A recent poll suggests that a majority of Maryland voters believe that treatment is a viable alternative to prison for substance abusers and that the state's alcohol tax should be increased to pay for expanded drug treatment programs.
The Open Society Institute-Baltimore commissioned the poll, which was released today. It comes as OSI prepares to co-host a national conference on successful drug treatment strategies that is slated to open this week in Baltimore.
OSI hopes the poll's findings will persuade state officials to allocate an additional $30 million annually for addiction services statewide.
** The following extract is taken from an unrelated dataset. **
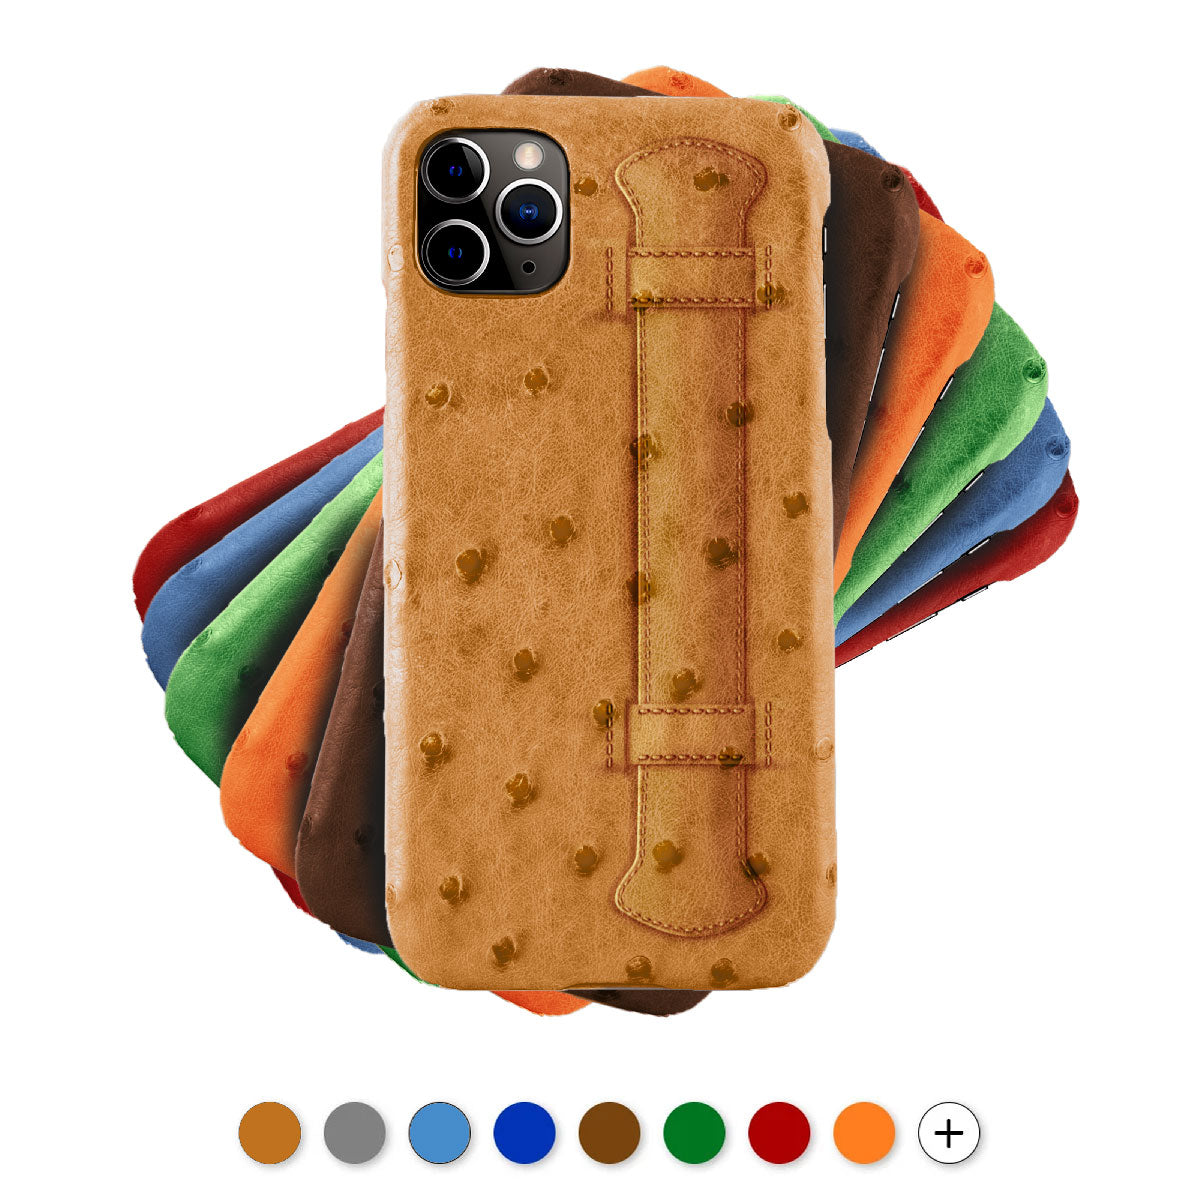 Leather iPhone " Strap case " with handle - iPhone 12 & 11 ( Pro / Max / Mini ) - Ostrich leather , brown , orange , blue , grey...

Of the total, Baltimore would get $15 million to serve an additional 3,500 addicts annually.
Treatment advocates estimate that Baltimore has about 60,000 addicts—the highest concentration in the state—and while the $15 million would be a step in the right direction, it would not solve the problem.
They say that if Baltimore's treatment network had the capacity to serve 45,000 addicts a year, the city might finally reach a "tipping point" in its battle against addiction. In 2005, 23,320 addicts received treatment in Baltimore, according to figures compiled by the city.
"We have come a long way, but at some point there is still just not enough resources," said Diana Morris, executive director of OSI, which is organizing the "Cities on the Right Track: Building Public Drug Treatment Systems" conference. "We need to get those people into treatment. That's when we're really going to start to see dramatic public health benefits."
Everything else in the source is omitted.